Although many colleges have used social-marketing techniques to address alcohol issues, the mental health campaign will break new ground when it is introduced next fall. In addition, last year the Institute started screening freshmen to identify students who might develop drinking problems. These students participate in a two-session program that helps them evaluate the role alcohol is playing in their lives. And this year’s freshmen were the first whose initial health screening included questions meant to flag mental health needs. Siegel personally contacted all students who said they wanted an appointment.
At the grass-roots level, the Institute is putting more emphasis on training for housemasters, tutors, and resident advisers. Training sessions that previously had been held only during orientation have been extended throughout the year. About 60 undergraduate liaisons to MIT Medical take training classes spread over a semester and supplemented with periodic updates. These students, called MedLINKS, provide all kinds of medical information and referrals to students who are comfortable talking only with their peers.
Siegel plans to emphasize a community-based prevention model for the Mental Health Service, with clinicians presenting programs to students in their own residences. Stewart cautions that “it’s touchy bringing mental health into the dorms, because sometimes students wonder if they’re being spied on.” Starting last year, clinicians from the Mental Health Service were assigned to every on- and off-campus residence. Serving as resources for housemasters, tutors, and advisers, these mental health professionals attend house meetings with housemasters and tutors and upon request present programs to the students. Randolph-who once headed Counseling and Support Services, a center that provides students with emotional and academic counseling-is now a housemaster in Bexley and is a resource to all housemasters and students.

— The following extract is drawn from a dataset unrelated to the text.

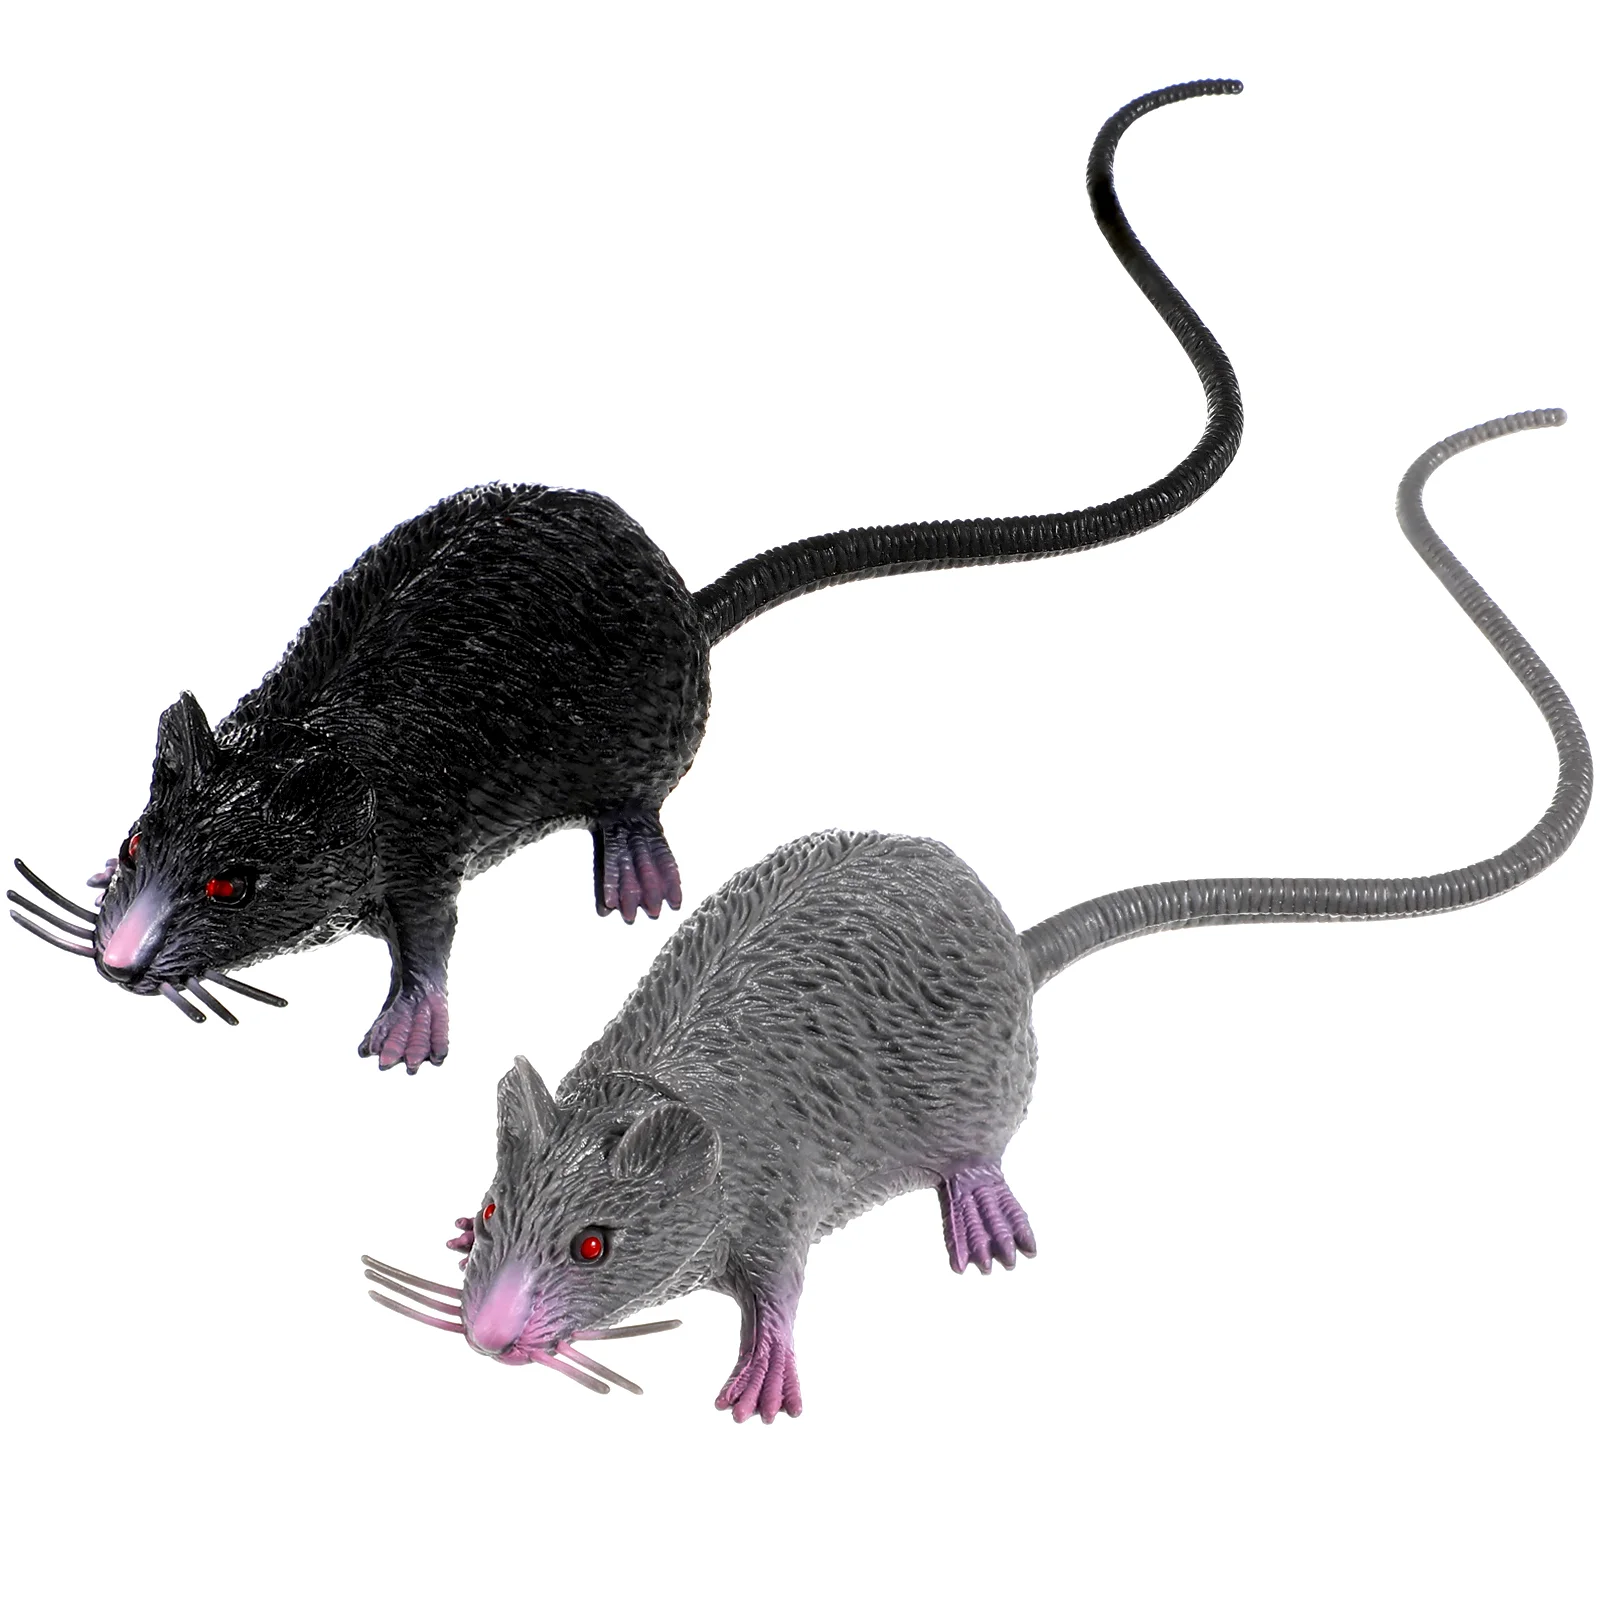 

2 Pcs Realistic Mice Toys Lifelike Mice Creepy Toys Spooky Fake Rat Figures Tricks Pranks Props Weird stuff

In another effort to reach out to students, in 2001 MIT hired new student-life support professionals. Known as residential life associates, they live in the dorms, develop relationships with students and help housemasters with programming. And an experimental residence-based advising program for freshmen, now in its third year in McCormick and Next House, pairs freshmen with older students-all MedLINKS-who help new students make the transition to college life. The hope is that students will feel more comfortable talking about mental health issues with people they know well in their residence halls.

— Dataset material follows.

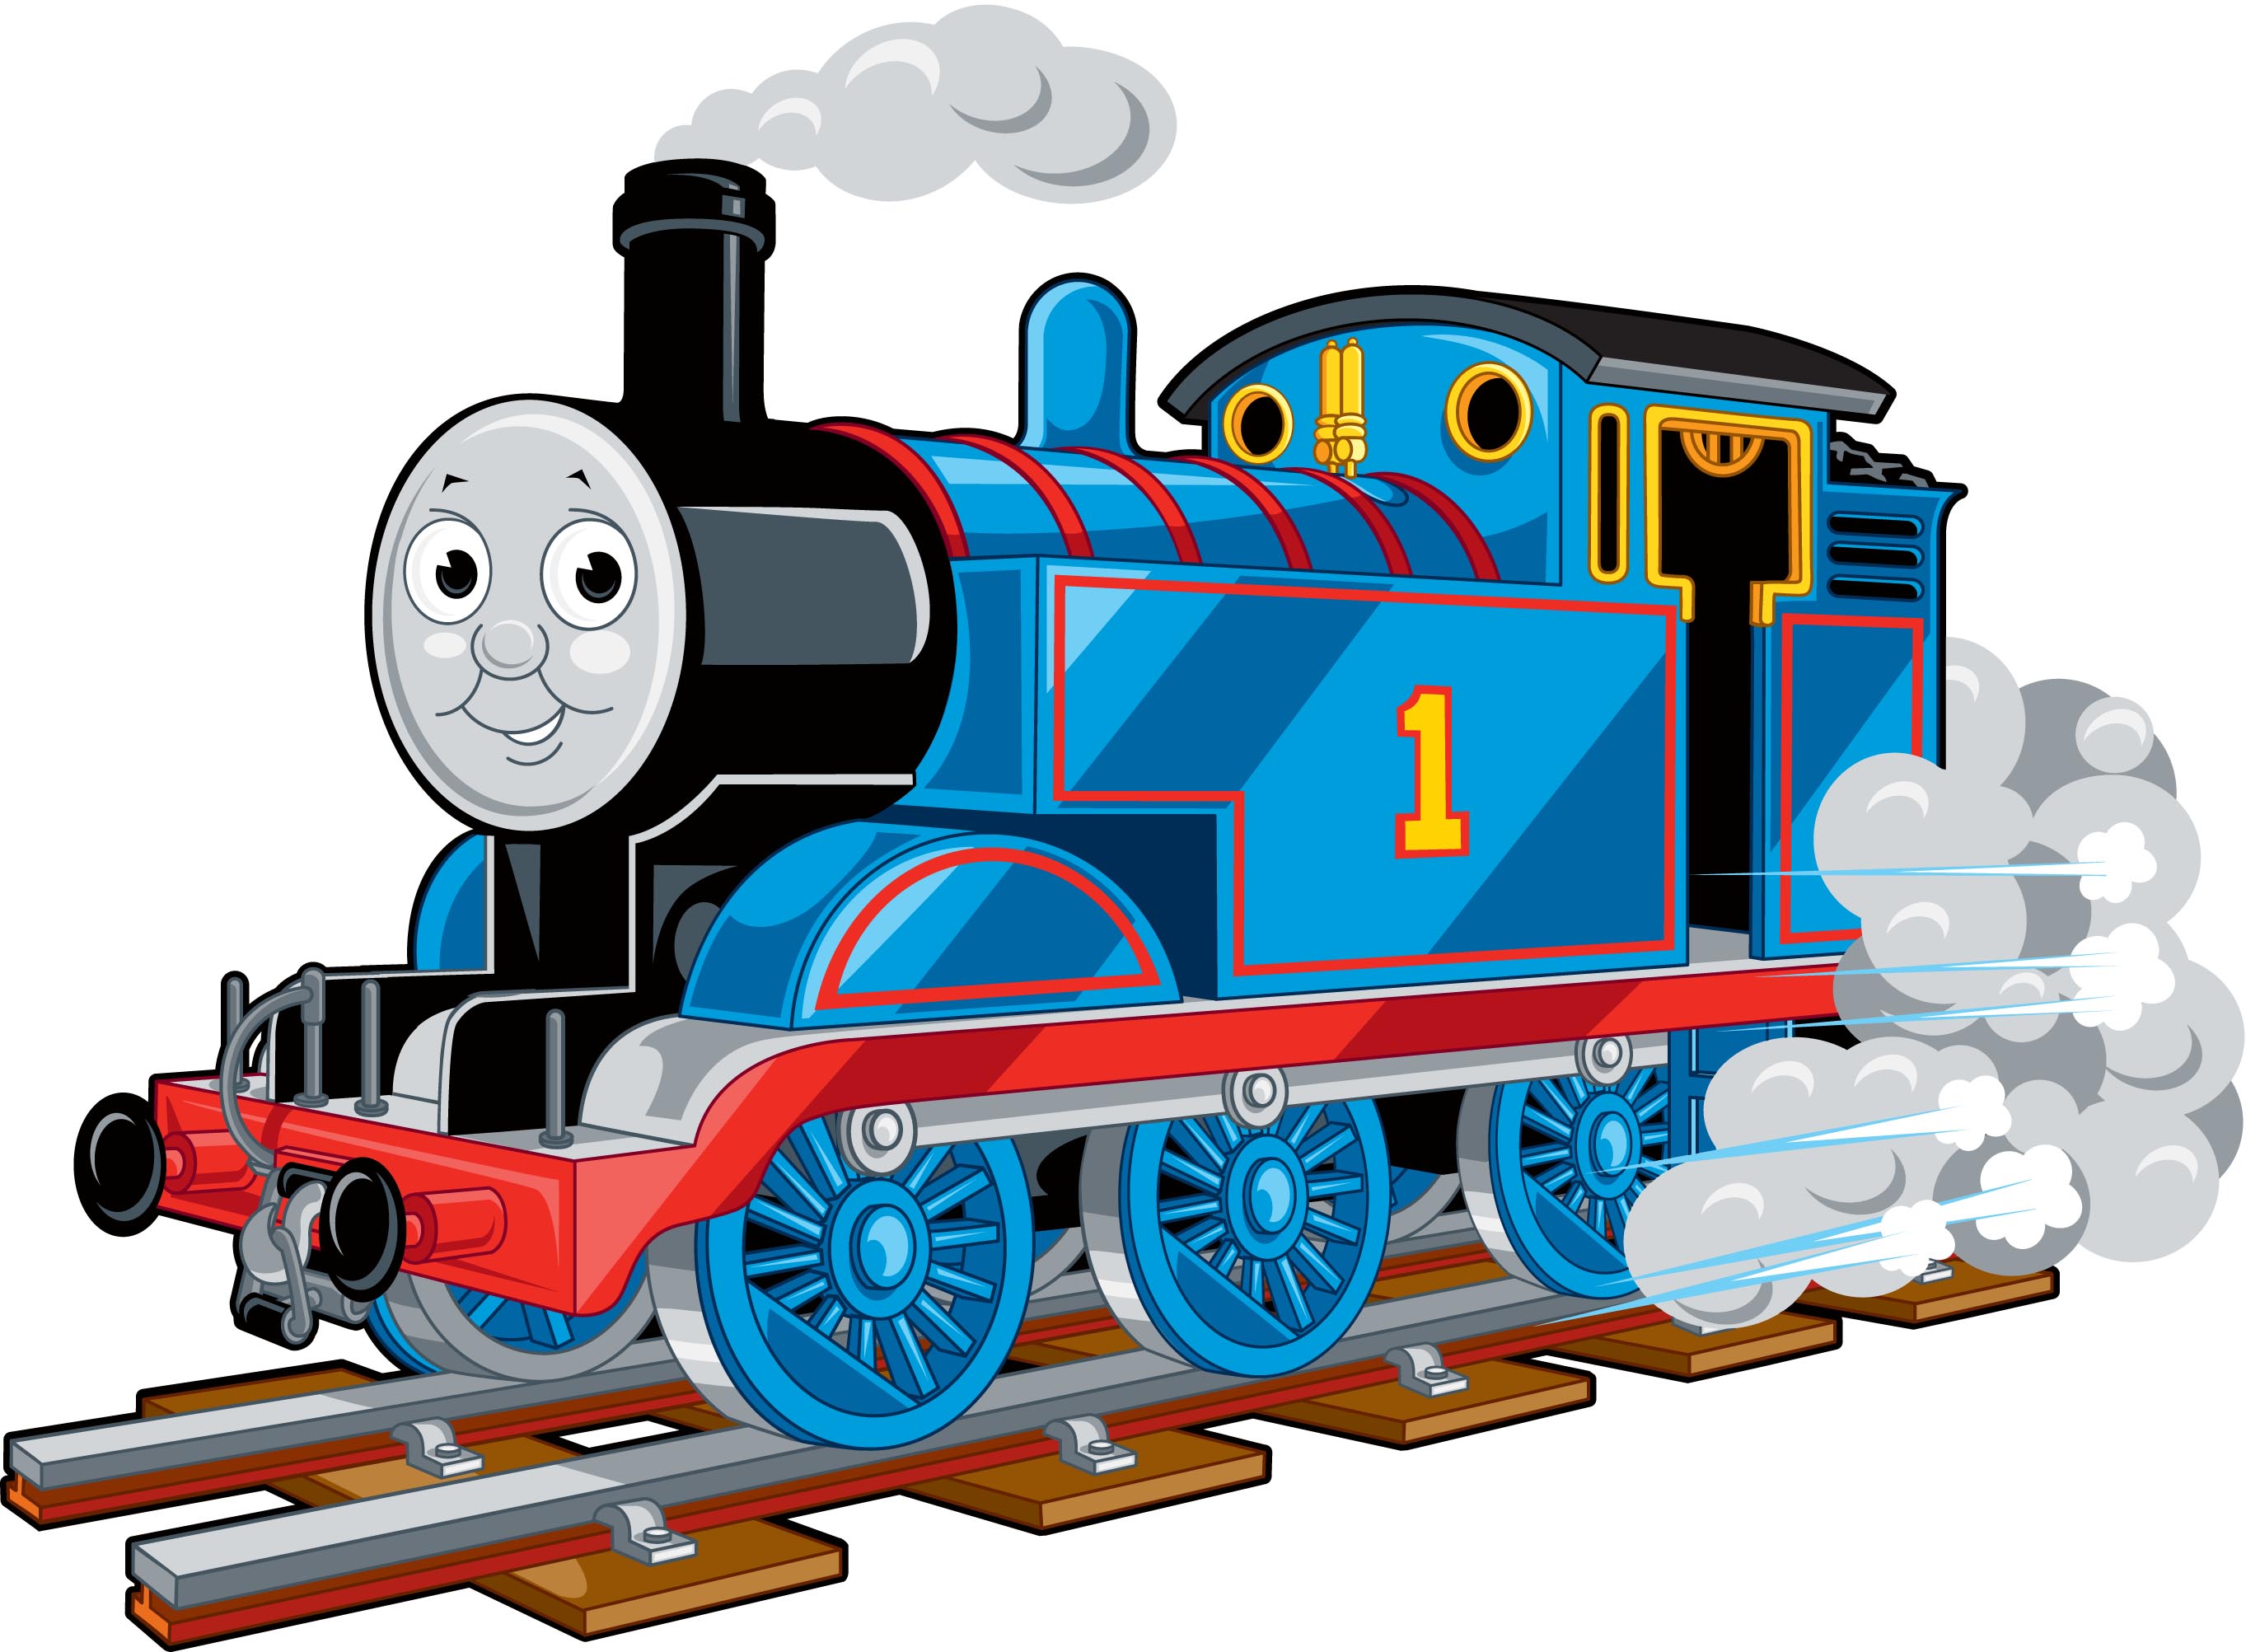 Thomas the train clipart

And for those students who feel threatened by the Mental Health Service, the more approachable Counseling and Support Services provides help with academic and personal issues. This arm of the Office of the Dean for Student Life works closely with mental health clinicians to solve problems and coordinate outreach efforts.

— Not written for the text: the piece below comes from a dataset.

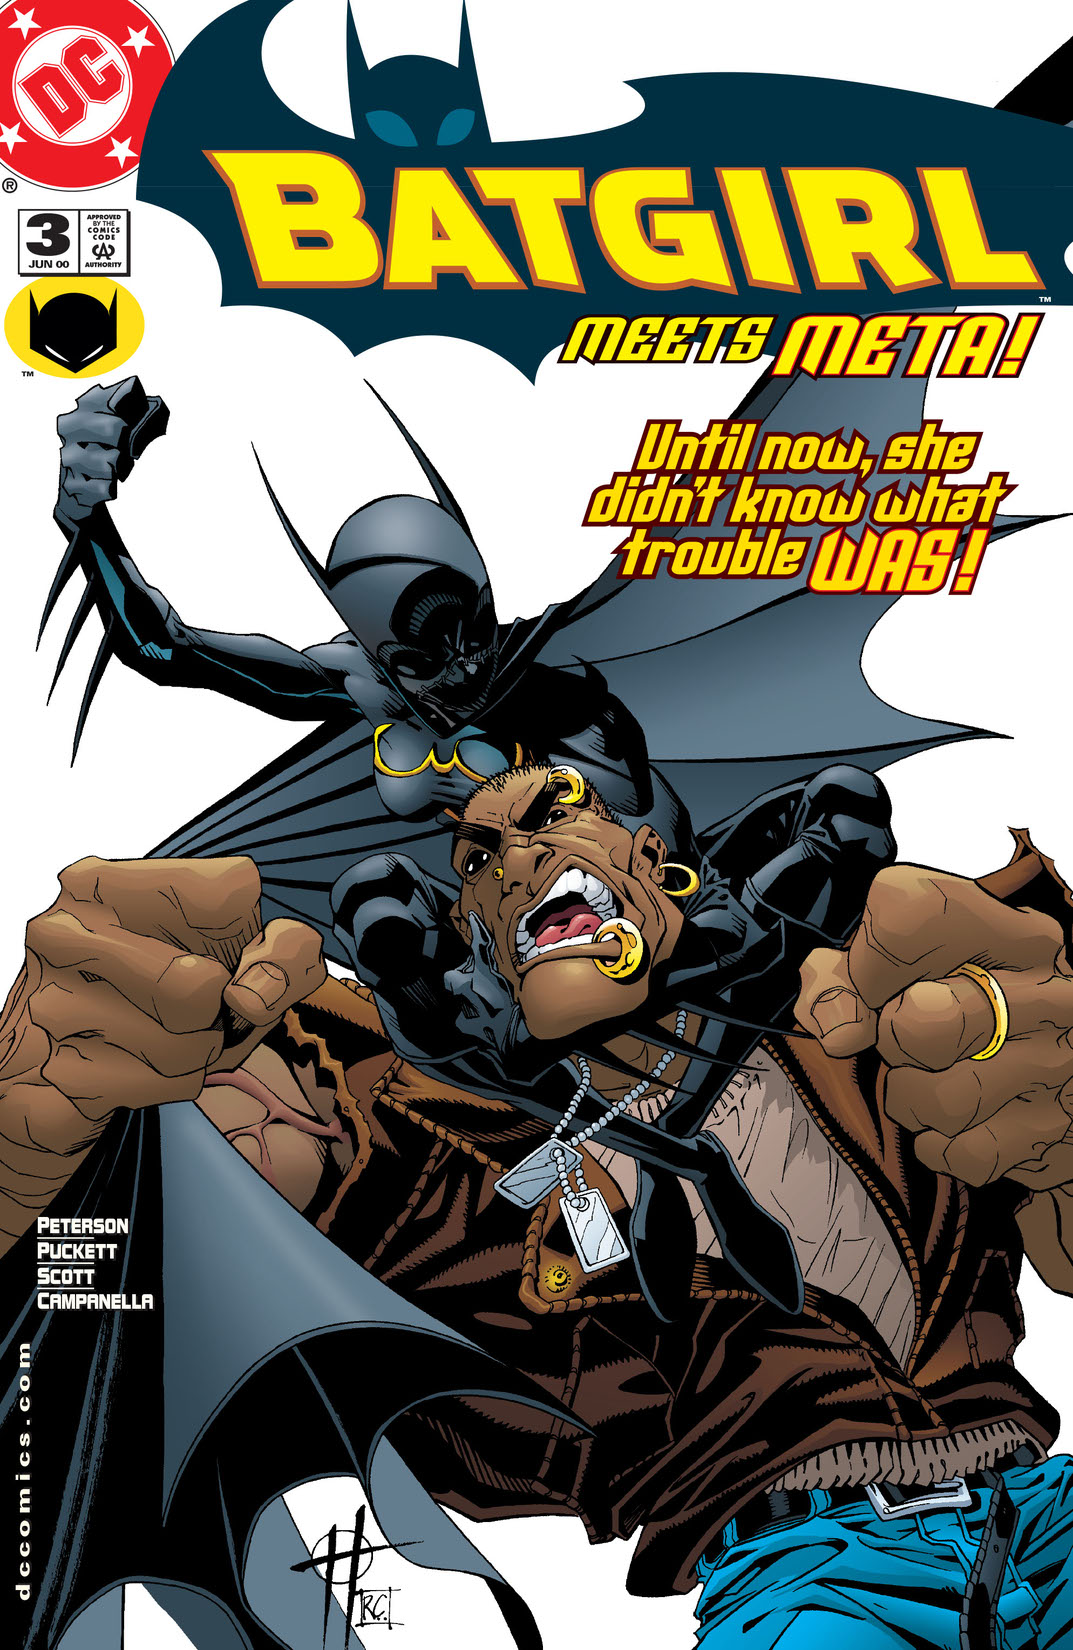 Batgirl (2000-) #3 preview images

Despite all the improvements, some believe MIT could do better. One of the more persistent desires is for the Mental Health Service to extend its evening hours to 11 o’clock. Students would like adults to be available to them in their residences after hours, and some housemasters and graduate tutors would like to see more associate housemasters and tutors. MedLINKS, who most often work alone, say they would like opportunities to network with one another, and tutors express enthusiasm for working in teams with MedLINKS.
Above all, Randolph cautions, mental health problems are not easily solved. That reality is difficult for people who are accustomed to solving problems. “This is a pastoral endeavor,” he says. “It’s a process, not an outcome, and that’s really the hard part. We will have tragedies from time to time. The real issue will be how we respond and [whether] we learn from our experiences and grow as things change.”